令人窒息的幽暗房間裏,一道與黑暗融爲一體的高大身影,靜靜地坐在牀邊,守着一位並非自願前來的客人。
“醒了?”男人嗓音聽起來十分沙啞,厚重。
被綁在牀頭的女人僅是掙扎了兩下就接受了被綁架的現實。
“你想怎麼樣?”
男人沒有回答,靜靜看了她片刻,嗓音溫柔如戀人間的呢喃;“毀掉我,開心嗎?姜稚。”
一位知書達理,溫婉端莊的落魄千金,一位從地獄裏爬出來,身負多重罪孽的黑暗勢力首領。
本不該有交集的兩個人,卻因他一時興起,強行將她綁縛在身邊玩弄了十年。
“周胤,你從未認真傾聽過我說的每一句話。”姜稚語調平緩:“我不止一次的告訴你,我會把你送上法庭,接受應有的審判。”
周胤低笑一聲;“憑那幫烏合之衆,也想審判我?不自量力!”
姜稚:“你跑不掉的。”
“你似乎對自己現在的處境,有種盲目的樂觀。”他危險的逼近:“樂觀的認爲,我不會S了你。”
姜稚:“S了我,你也一樣跑不掉。”
一瞬間,周胤掐住她纖細的脖子,將她粗魯的拎起。
美麗的天鵝頸被五指握住,因血氣不暢導致漲紅的小臉,卻在微弱光線下,顯現出一絲詭譎的美感。
周胤倏地加重力量,咬牙控訴道;“爲甚麼不繼續騙下去?爲甚麼!”
……
南亞 華燈初上,沈家別墅裏歡聲笑語,慶賀聲不絕於耳。
其樂融融的氣氛,卻因爲一個人的到來,瞬間凝固住了。
那個人,正是沈家的兒媳,姜稚。
姜稚坐在輪椅上,身後站着一位毀容的老管家。
賓客面面相覷,維持着最後的姿勢。 詭異的寂靜中,忽然傳來嬰兒的啼哭聲。 姜稚朝聲音的來源看過去,何依依原本縮在沈家主母身後,發現姜稚的目光朝她這邊挪,嚇得趕緊背過身子。
這欲蓋彌彰的舉動惹得姜稚心裏一陣噁心。 她以爲何依依跟自己父母一起葬身火海了,沒想到,人家不光活着,還跟自己丈夫搞到一起,並生下了孩子。

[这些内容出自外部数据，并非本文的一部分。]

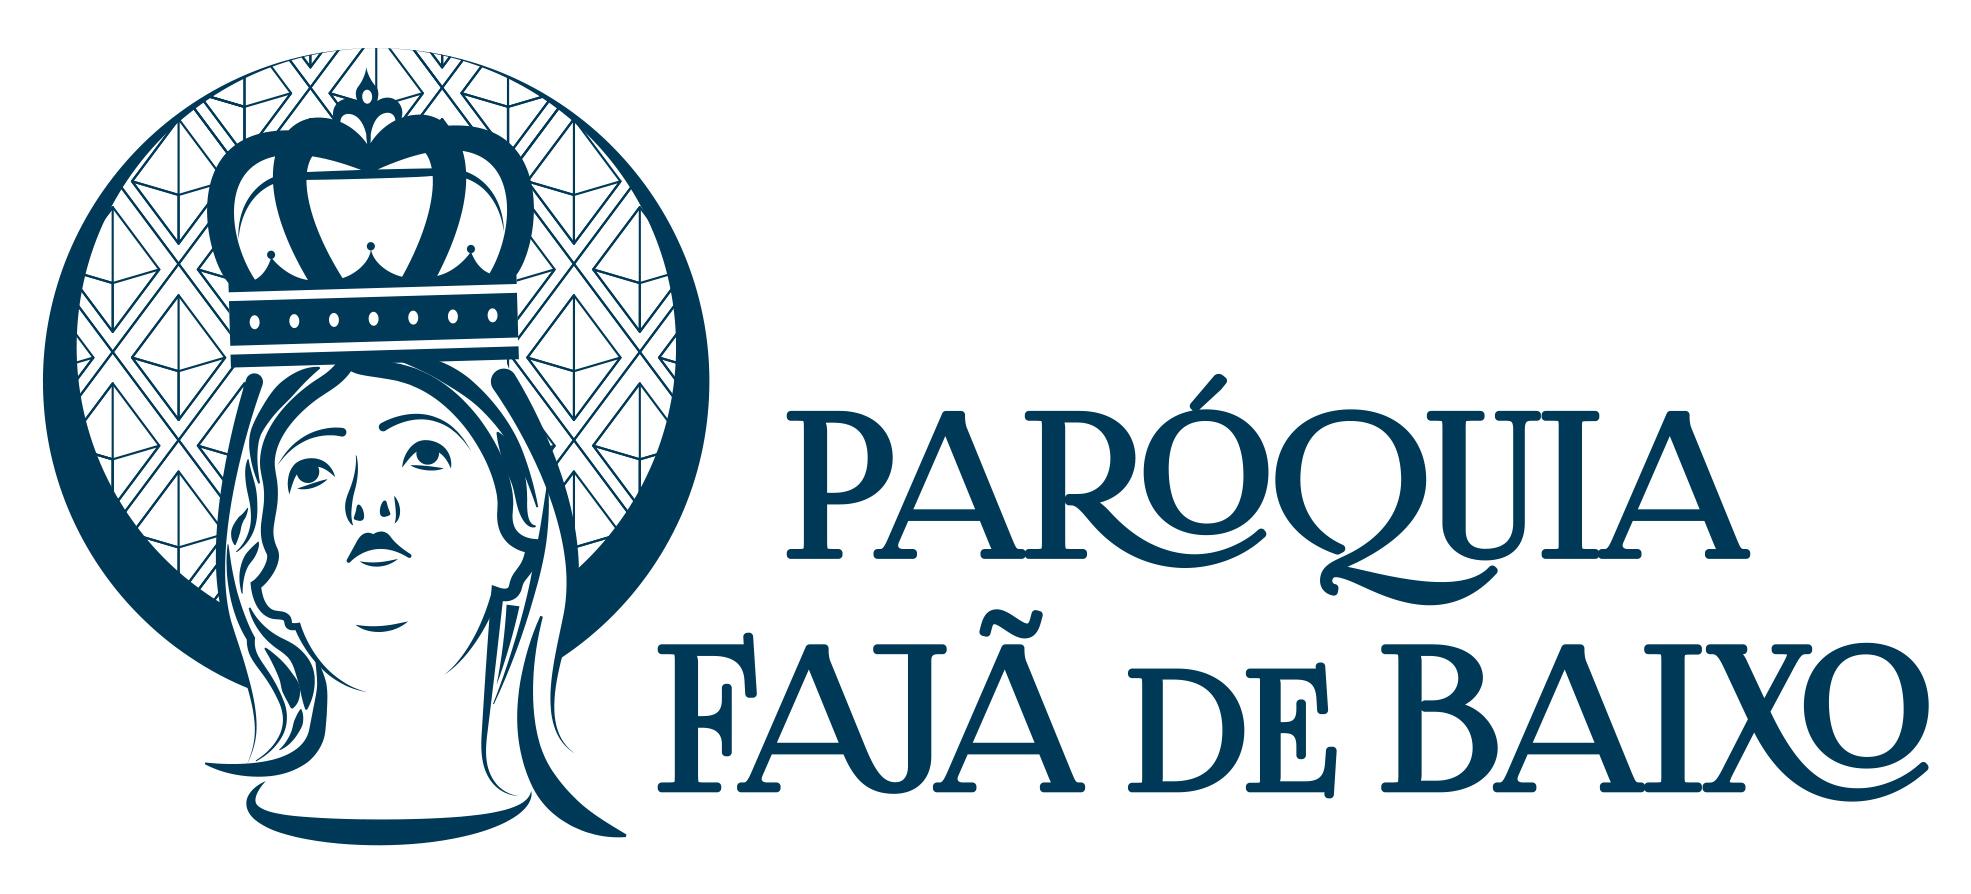 LOGOTIPO DA PAROQUIA
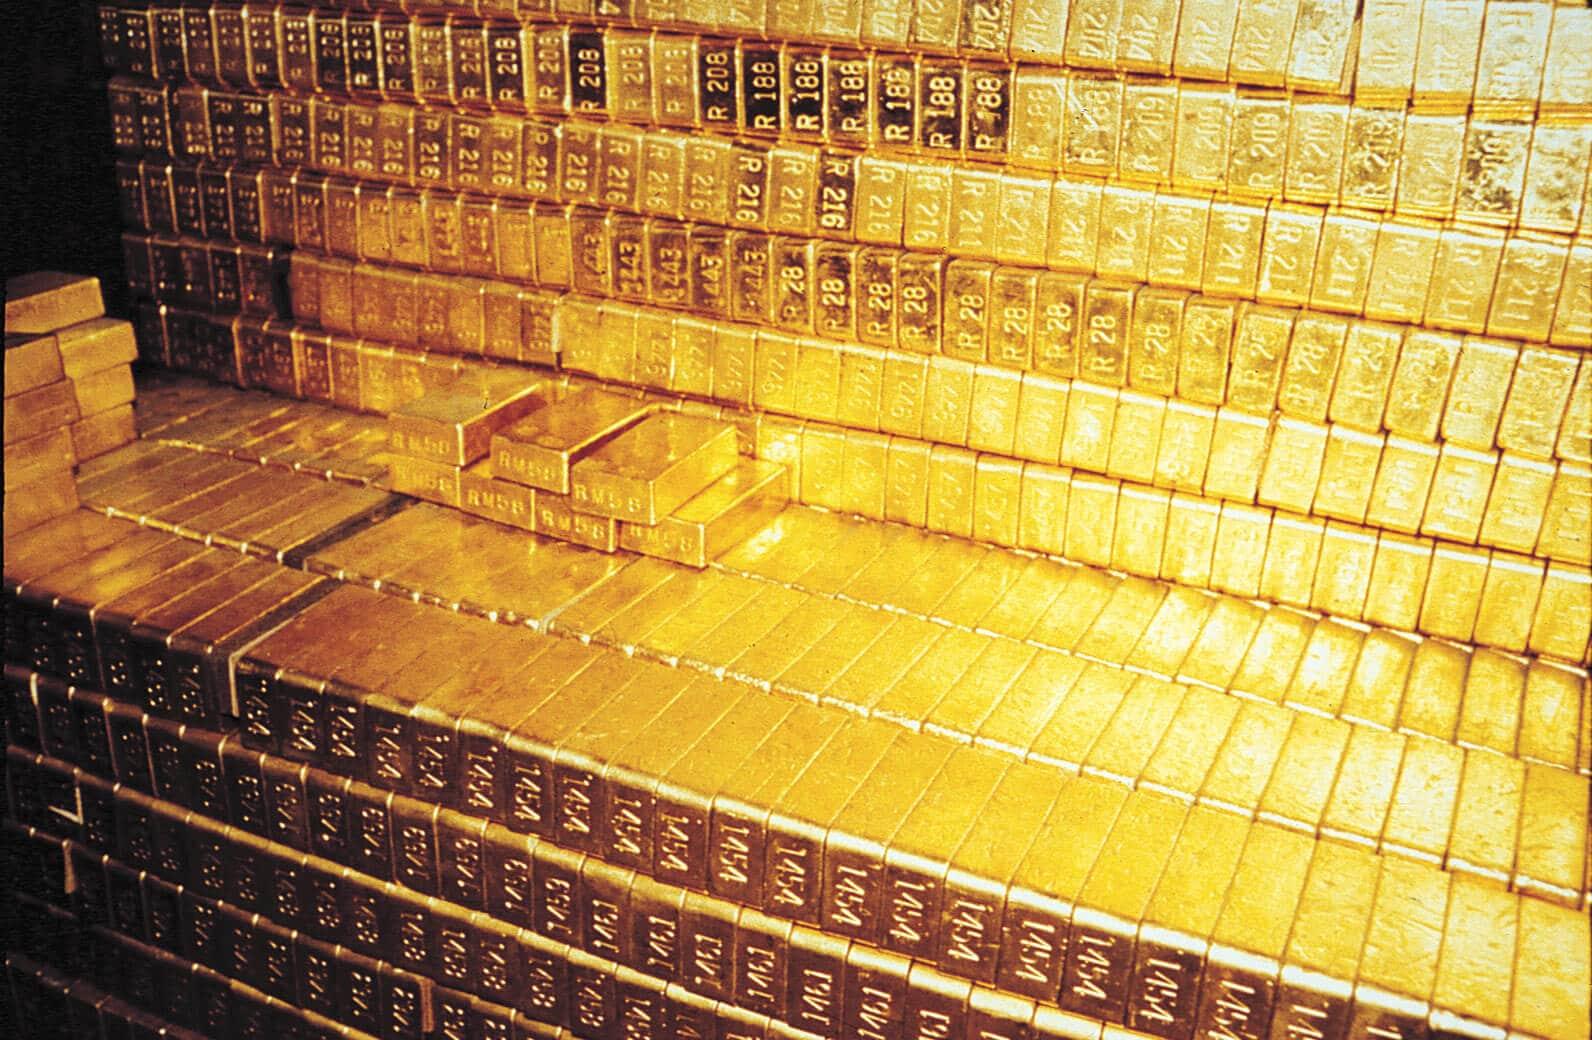 Le Musée de la Federal Reserve Bank of New York

沈煜撥開人羣,迅速來到她面前:“你不在山莊養病,跑出來幹甚麼?”
姜稚撇了一眼牆上用花瓣拼出的滿月賀詞:“恭喜啊,當爸爸了。”
沈煜臉色有些不自然:“有甚麼事我們回去說,別給人看笑話。”
姜稚驚詫:“你公然爲私生子慶生,就不怕被笑話嗎?”
聽她稱呼自己兒子是私生子,沈煜立刻拉長了臉。
姜稚手指了一個方向,讓老管家推她過去。 很快,輪椅停在了一張蓋了紅布的桌子邊上,沈煜見她拿起上頭的文書,驚了一下,連忙上前想奪走。
老管家眼神極佳,以身體擋住了沈煜。
那是沈家的族譜。 姜稚翻了幾頁,目光就定格住了。 她倏地抬起頭:“你讓他進了族譜?” 沈煜見瞞不過去,索性坦白:“他是我沈家的血脈,爲何不能進族譜?”
“可是孩子卻落在我們兩個人的名下。” 按照南亞規矩,入到誰的名下,就是誰的孩子。
……
鄭老雖然上了歲數,但精神氣十足,他剛踏進客廳就看見牆上的賀詞。
老人家驚訝起來:“原來你們今天辦喜事啊。怎麼不發個喜帖也叫我這個老頭子也沾點喜氣?”
這番話讓幾位老祖宗瞬間對沈煜刮目相看。
沒想到沈煜跟鄭老關係這麼好。
沈煜自己也被突如其來的親切弄得有些懵,他連忙道:“小生日哪敢驚動您。”
鄭老假裝生氣:“滿月可不小了,快把孩子抱過來我瞧瞧。”
鄭老接過孩子後,立刻讚不絕口。
沈母在旁得意的想,這是她的孫子,怎麼可能不優秀。
鄭老:“這位是......”
他看着何依依。
何依依本不該出現,但孩子特別的依戀她,一離開就哭。
沈母介紹道:“這是孩子的乳母。”
鄭老點點頭,視線在客廳轉了一圈:“孩子的母親呢?”
沈母面不改色道:“我兒媳身體不好,我們怕她勞累,就讓她回去休息了。”
鄭老稍顯失望,繼續低頭逗弄着襁褓裏的嬰兒,慈祥的彷彿在看自己的孫子一樣。